We can forcefully reset the voting set of a group (breaking the safety of the Raft protocol). This effectively means that we create a new majority that is independent from the old one. Having two independent majorities might cause the following problems if nodes that didn’t take part in the repair come back online:
- If the returning nodes were included in the voting set of the group before the majority loss, then they can form the old majority again. The new leader would append the new configuration (containing the old voting members) to all nodes that it knows about (for MG, this is all nodes in the cluster due to learners). This might cause the leadership of the group to be hijacked by the old nodes that saw no repair, which might result in inconsistent data in the group state machines
- It might happen that the nodes that come back online had applied some command X before going offline such that no node (which took part in the repair) saw that command, leading to the same inconsistent data problem. This could happen like this:
- ABC is the voting member set, N is a learner
- AB and N get X, it gets applied at AB and N
- AB get destroyed, N goes down
- CDE are appointed as the new voting member set
- N starts; only this node has X, and X is applied
We rely on the following property (it has to be implemented) of our networking: nodes having different cluster IDs cannot establish a network connection (handshake fails). (A node that never was a part of any cluster [a blank node] can establish connection with any other node).
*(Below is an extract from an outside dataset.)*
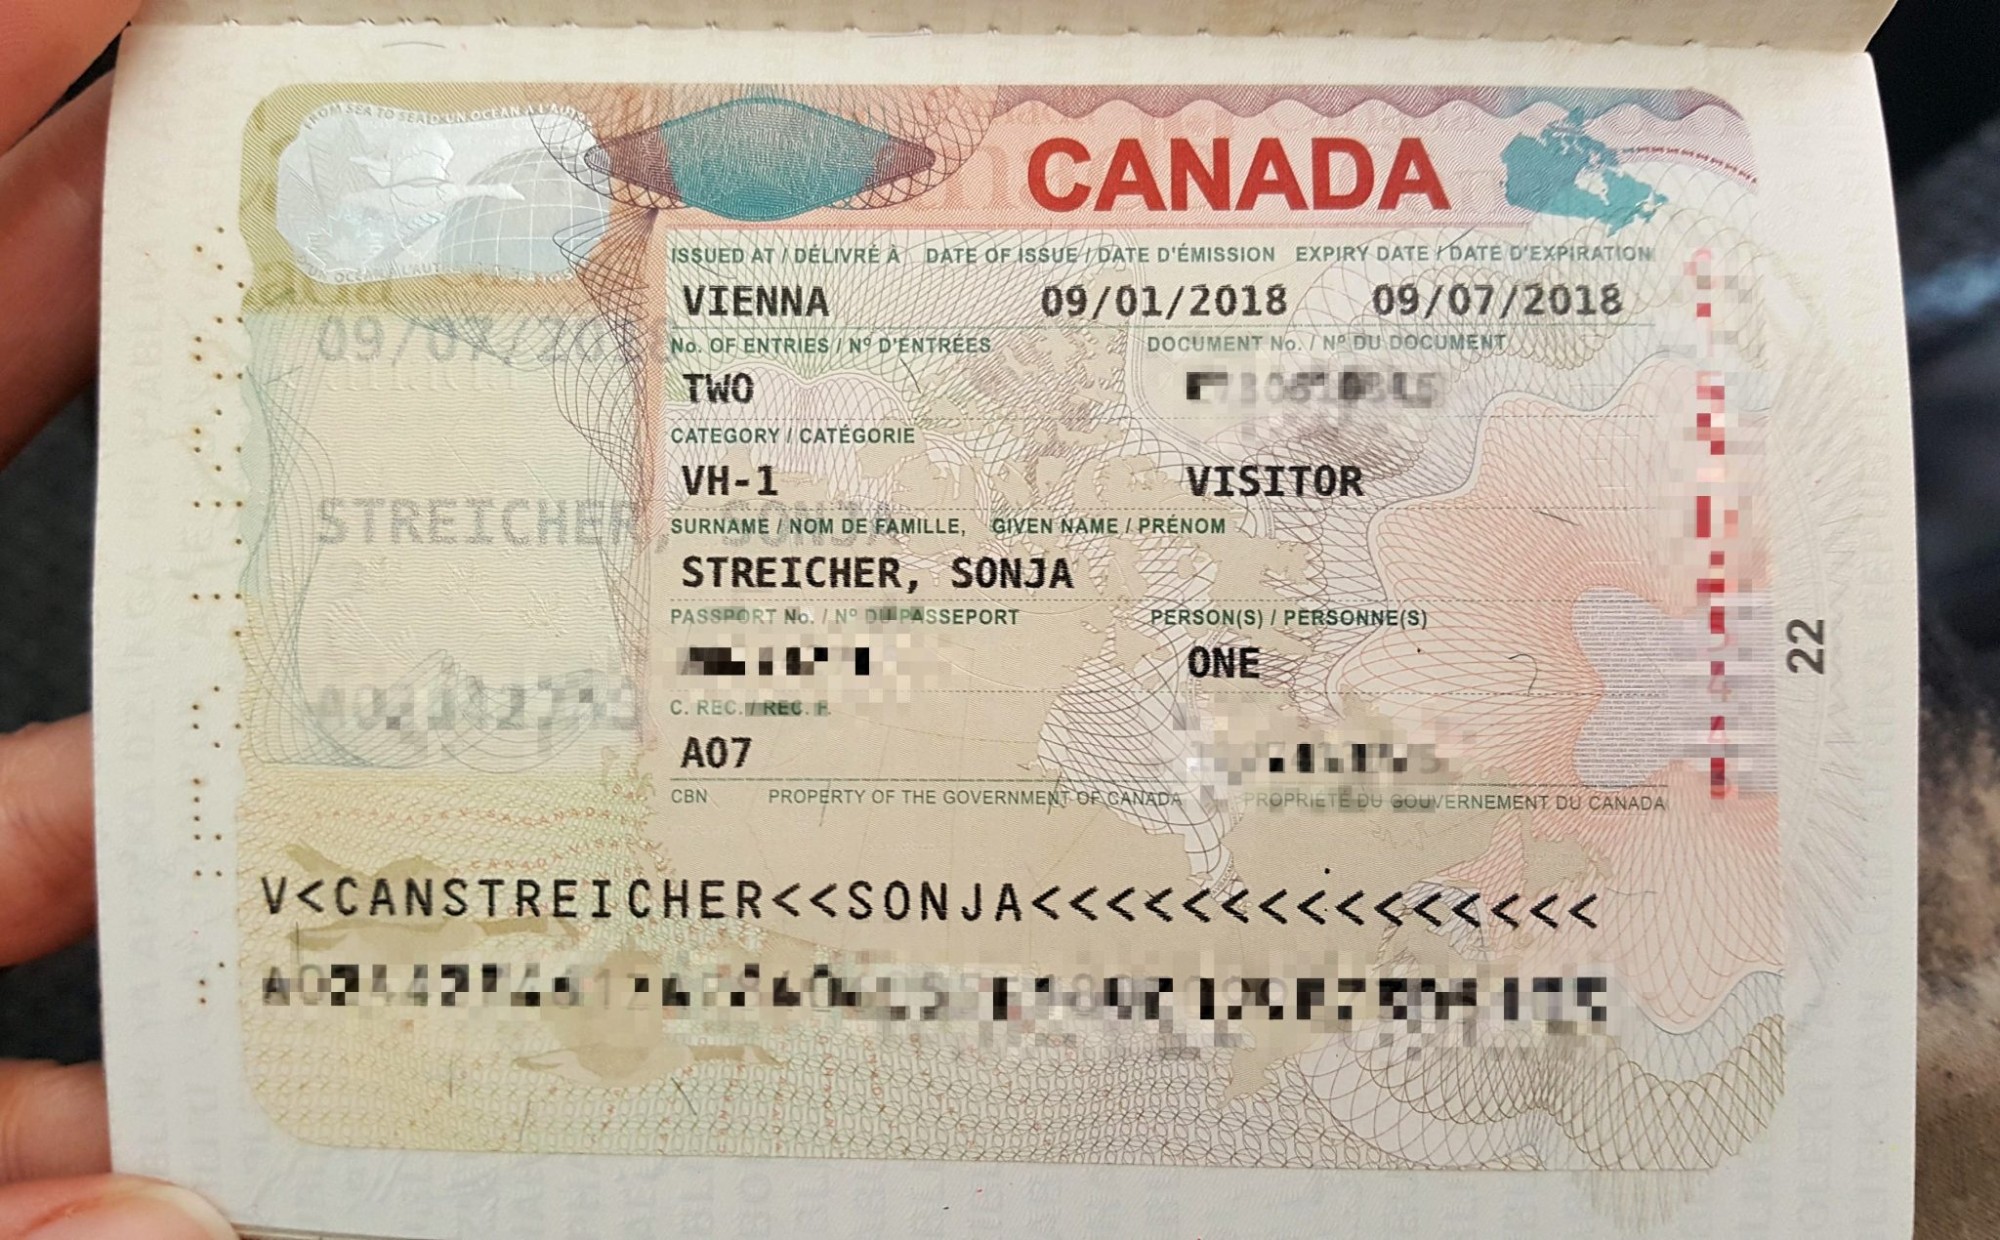 Visa canada

For CMG, we destroy old CMG and recreate another one, doing a reinit with a new cluster ID. As a result, old and new nodes cannot connect to each other.
For MG, we recreate CMG first, even if it was not broken (to change the cluster identity and disallow old MG nodes to mix with the new ones); then we repair MG on the available nodes; then, after the node gets migrated to the new cluster, when going to start a Metastorage on it, we check if the joining node that thinks that it is a voting member is actually one of metastorageNodes. Together these solve problem 1.
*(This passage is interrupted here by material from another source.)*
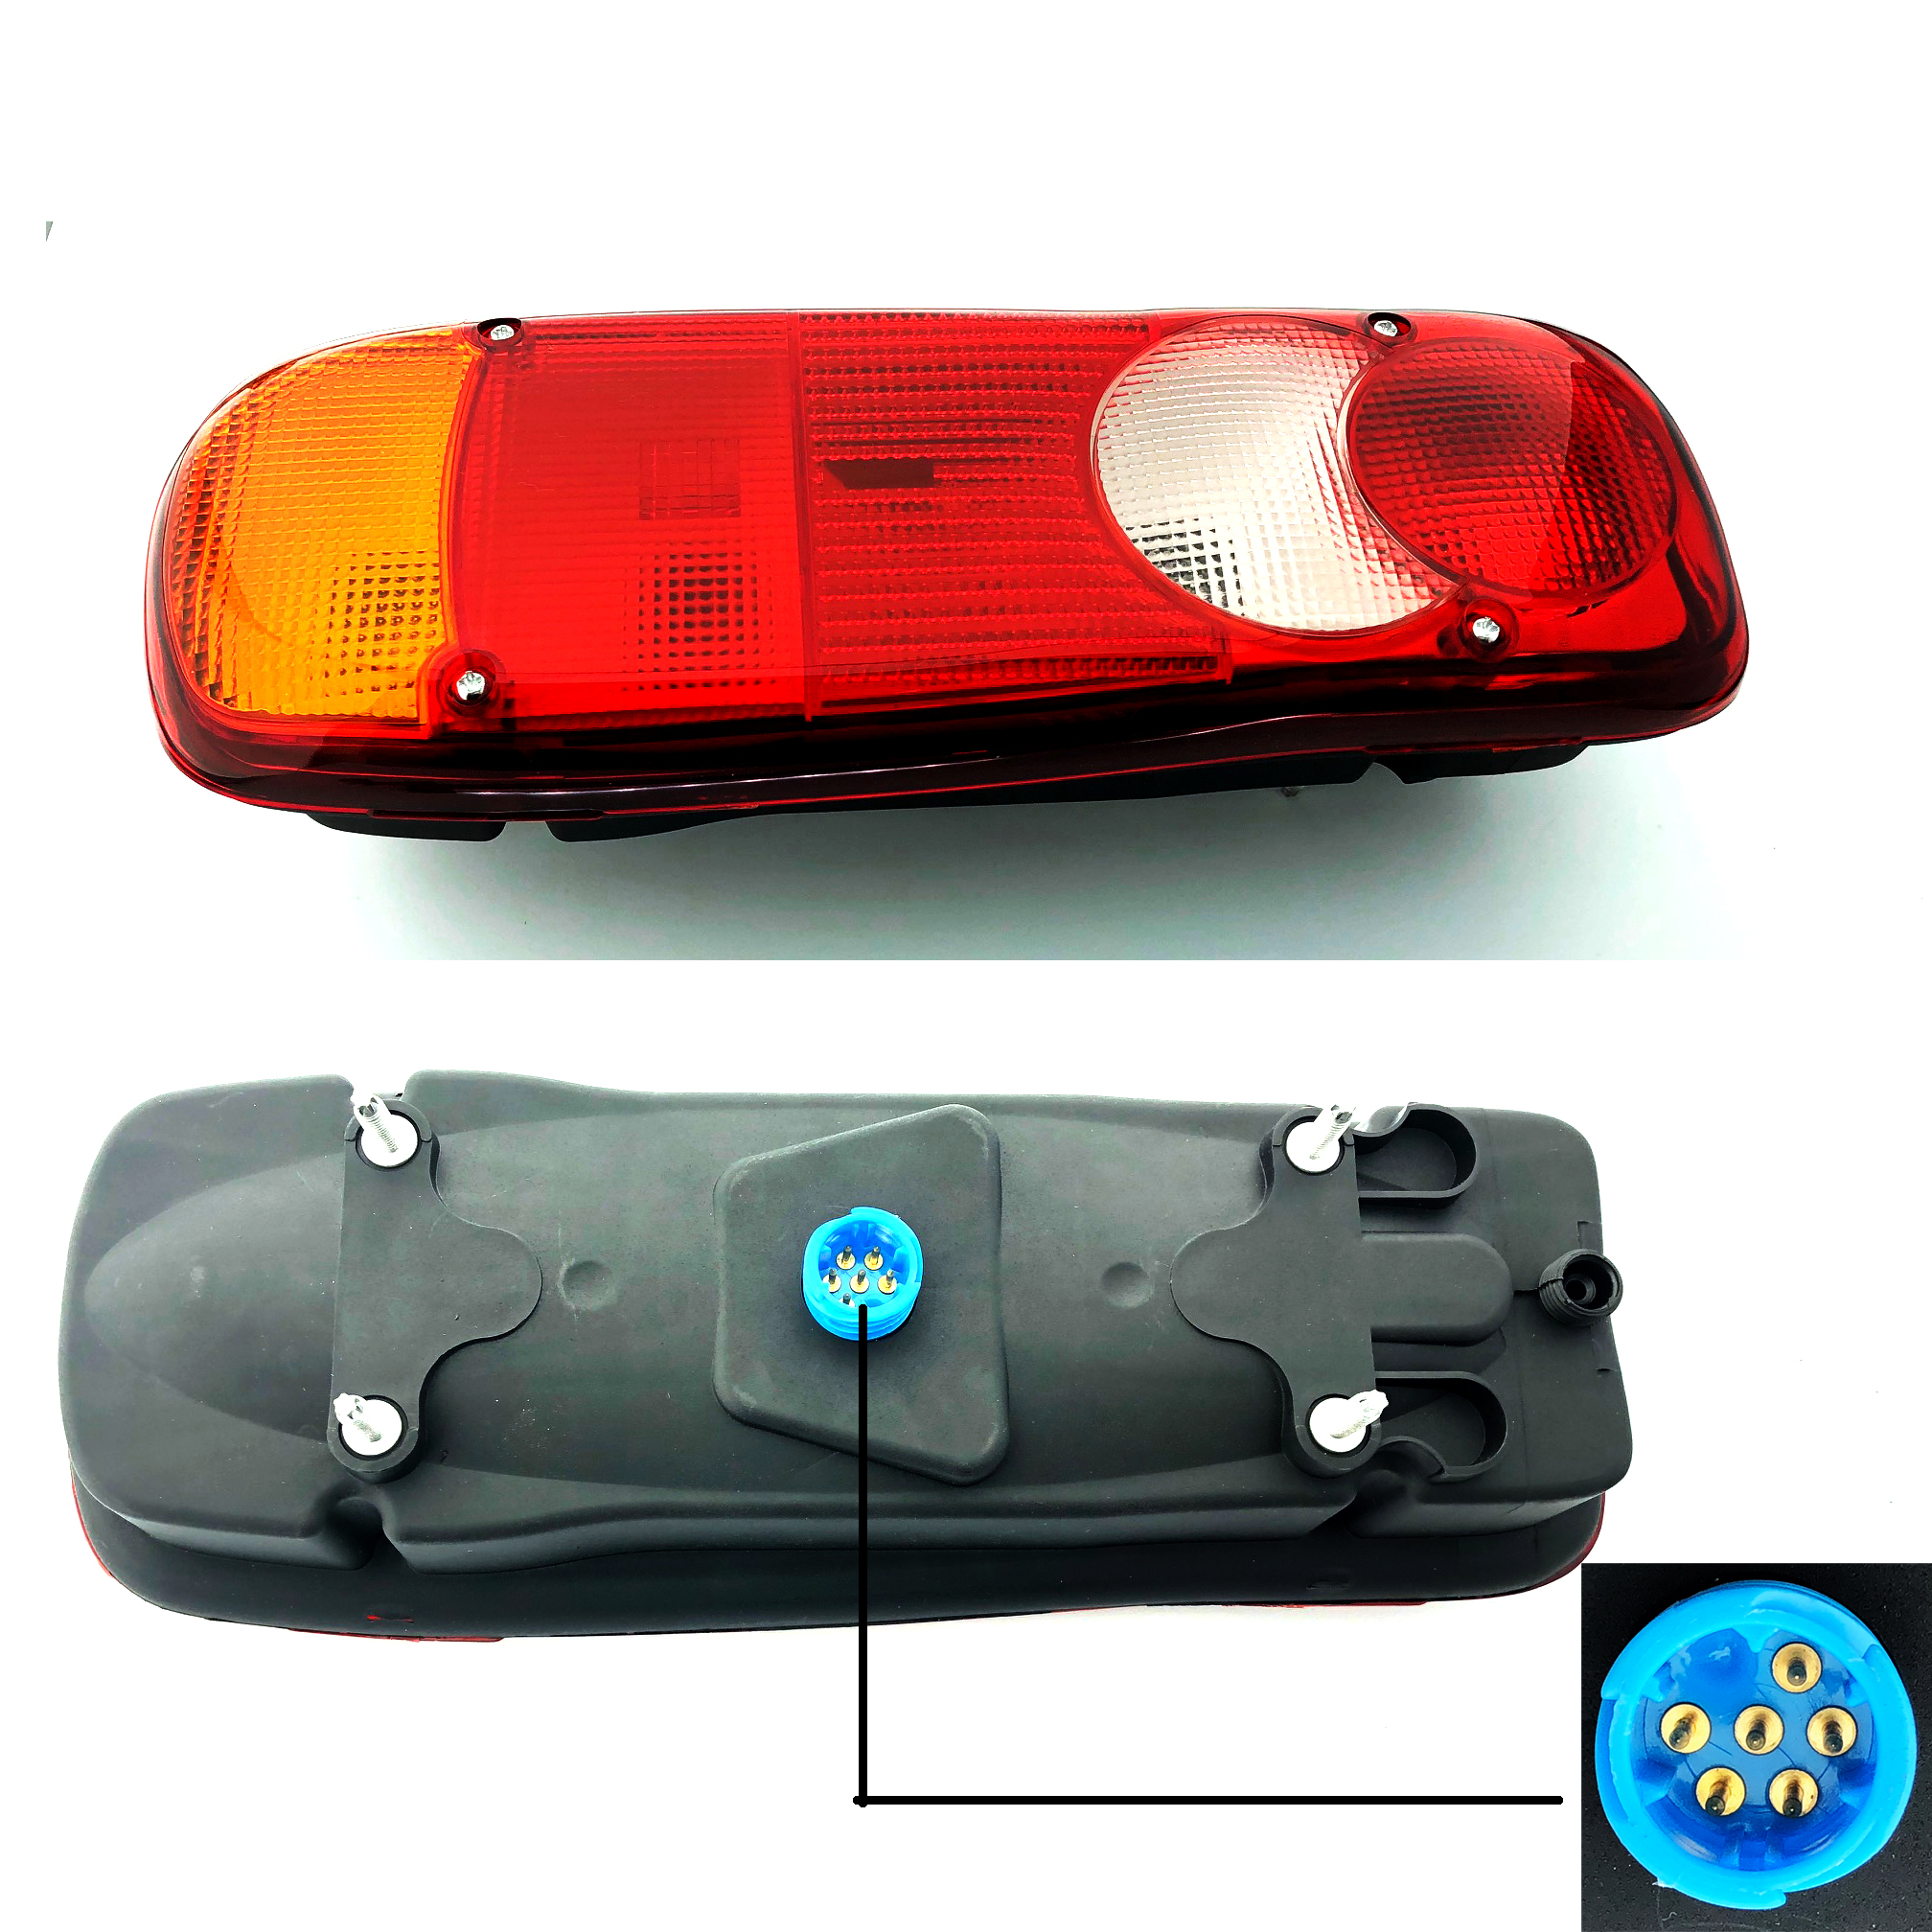 Peugeot Boxer Chasis Cab (Lamp Lights) VAN REAR LAMP LIGHT RIGHT HAND ( UK Driver Side ) 2012 to 2020 – VAN REAR LAMP LIGHT

Also, to solve problem 2, we do additional validations on join to only join nodes that are compatible by their Metastorage and switch others to a special ‘zombie’ state.
All data stored in CMG either can be safely lost or can be restored.
First, the user should try to restart CMG nodes to restore the majority. If it does not work, they’ll have to forcefully assign a new majority using the ‘recovery cluster reset’ command (issued manually via CLI/REST).
From the bird’s eye:
- Assign new cluster ID to the available nodes
- Restart them, recreate CMG on start, do reinit
- Migrate nodes that were offline during steps 1 and 2 to the new cluster
Details:
- User sees in the monitoring that the CMG majority is lost; they try to bring the lost nodes to life, this does not work
- User issues a ‘cluster reset’ command passing new CMG nodes (these must be in the physical topology) (‘ignite recovery cluster reset –cluster-management-group=<new-cmg-nodes>’)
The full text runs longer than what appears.